[Mulgara-dev] authentication in Mulgara
Paul Gearon
gearon at ieee.org
Mon Mar 10 17:34:01 UTC 2008
On Sun, Mar 9, 2008 at 2:55 AM, Andrae Muys <andrae at netymon.com> wrote:
>
> On 09/03/2008, at 2:52 PM, William Mills wrote:
>
> > I wanted to drop a note to restart the conversation about
> > authentication in Mulgara. I know it's in the plan for re-
> > implementation. To reiterate the point I was making to Andre over
> > dinner, lack of any authentication model makes Mulgara a non-
> > starter at Yahoo and probably many other corporate environments.
> > It is certainly possible to add an authentication layer in the
> > application, but that doesn't solve the whole problem.
> >
> > If I were king I'd probably offer the standard username/password
> > authentication model because everyone expects it, but I'd also have
> > the option of using something less sucky/replayable.
> >
> > For authorization/access the common model used for the various SQL
> > databases is well defined, but I'm not sure how closely it fits
> > Mulgara. Certaibnly I'd like to differentiate between a system/
> > root user and a less priveledged user. Access control down to the
> > level of insert/delete from a model would be interesting. Control
> > down to the row level that was explored in previous incarnations
> > is, in my opinion, overkill.
It certainly was, which is how the old "security" identifier ended up
becoming the graph ID. This also influenced us in deciding that
security should be on a graph-by-graph basis. If you have some kind
of conceptual difference between two pieces of data such that you feel
you need differing security on them, they they belong in separate
graphs. You may recall that at the storage and retrieval lever we
treat the graph ID symmetrically with all the other identifiers
(subject, predicate and object) so we have no qualms about giving
every statement its own graph, if you really want to get pathological
about it. The queries might get messy though. :-)

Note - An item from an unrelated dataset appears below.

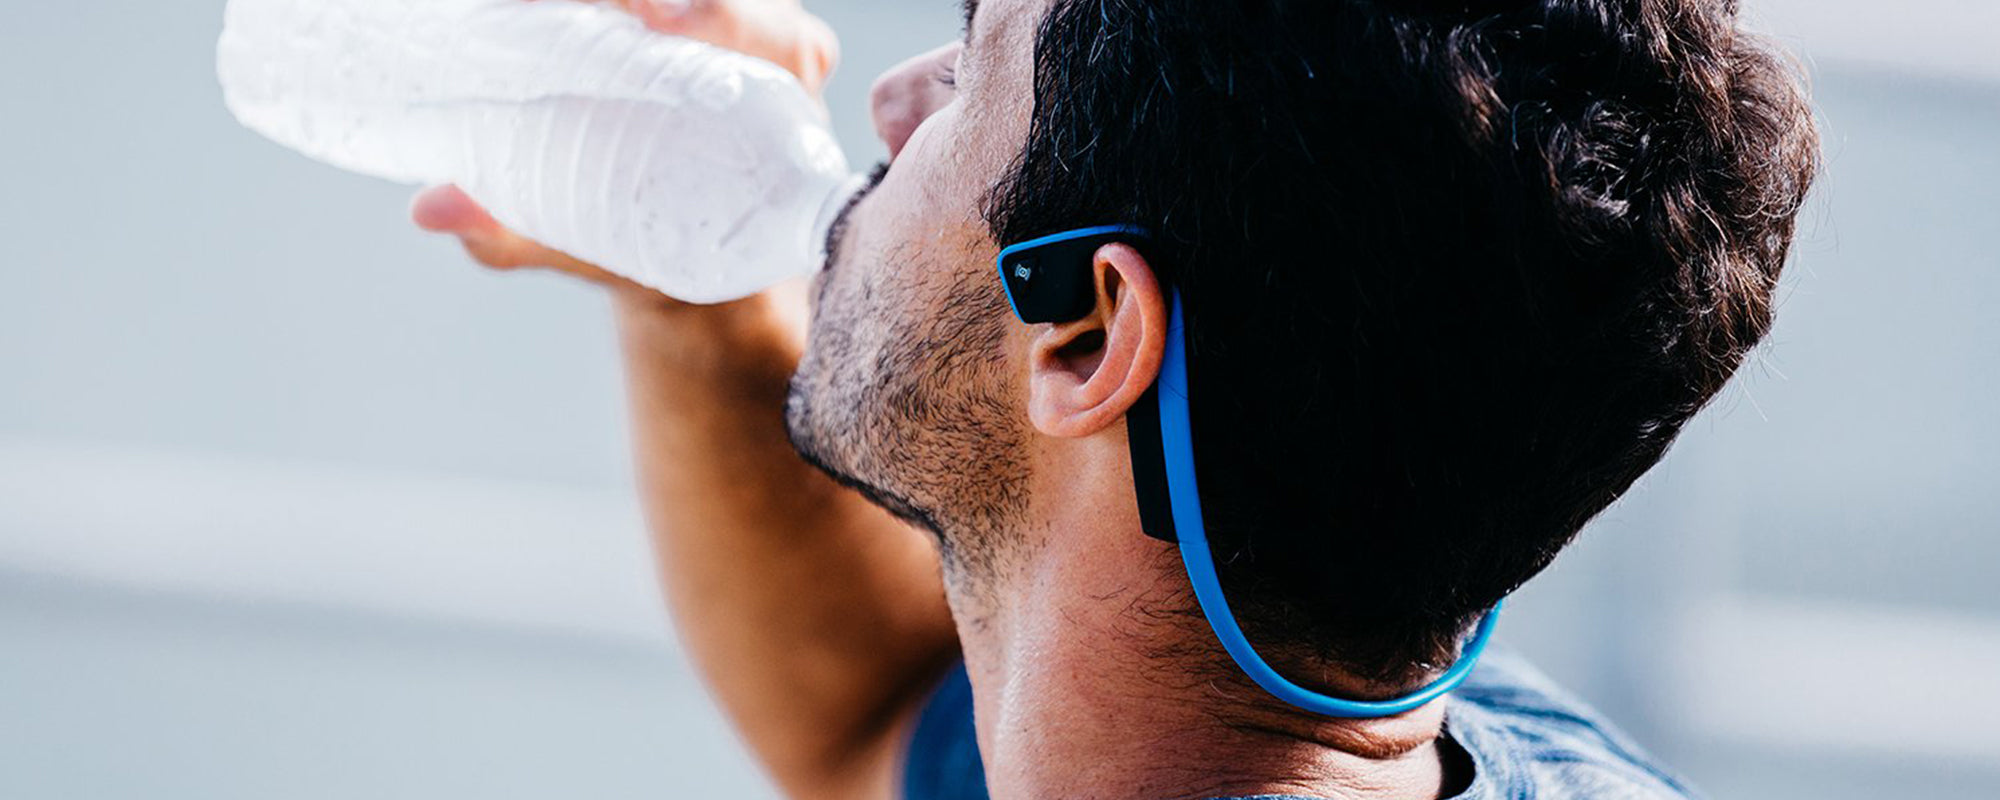 4 Tips For Staying Hydrated This Summer

> Well the security api is still there, and has in the past been used
> to provide control down to the level of per graph insert/delete/
> query. I know of one bug in the layer that can permit some queries to
> bypass the query-security, but that can be fixed in a few days, and
> only hasn't been because we don't currently have anyone using that
> functionality.
>
> I must admit I haven't looked at the api for a couple of years now,
> so I will have to do that before I can really comment much more.
It's all still there, and I even brought it forward into the
Connection API when I wrote this recently. It will need an audit to
make sure it hasn't been bypassed anywhere in recent years by someone
who wasn't aware of it, but I expect that the majority of it will
still work.
The missing code is a JAAS implementation. The first prototype used
normal authentication files, but the second version loaded up
everything from an internal graph. This was surprisingly easy to do.
Since I implemented 90% of the JAAS classes in the first place, it has
been pointed out that I am not the person to re-write this stuff.
(which is a shame, since I know how easy it is). It took me a week
the first time I did it, and I had to learn how to use JAAS while I
was doing it! (It's mostly boilerplate implementations of the JAAS
interfaces - so concern about leaving security holes is *mostly*
mitigated by JAAS handling the important stuff for you). I suggest
that anyone who has the time will not find it challenging.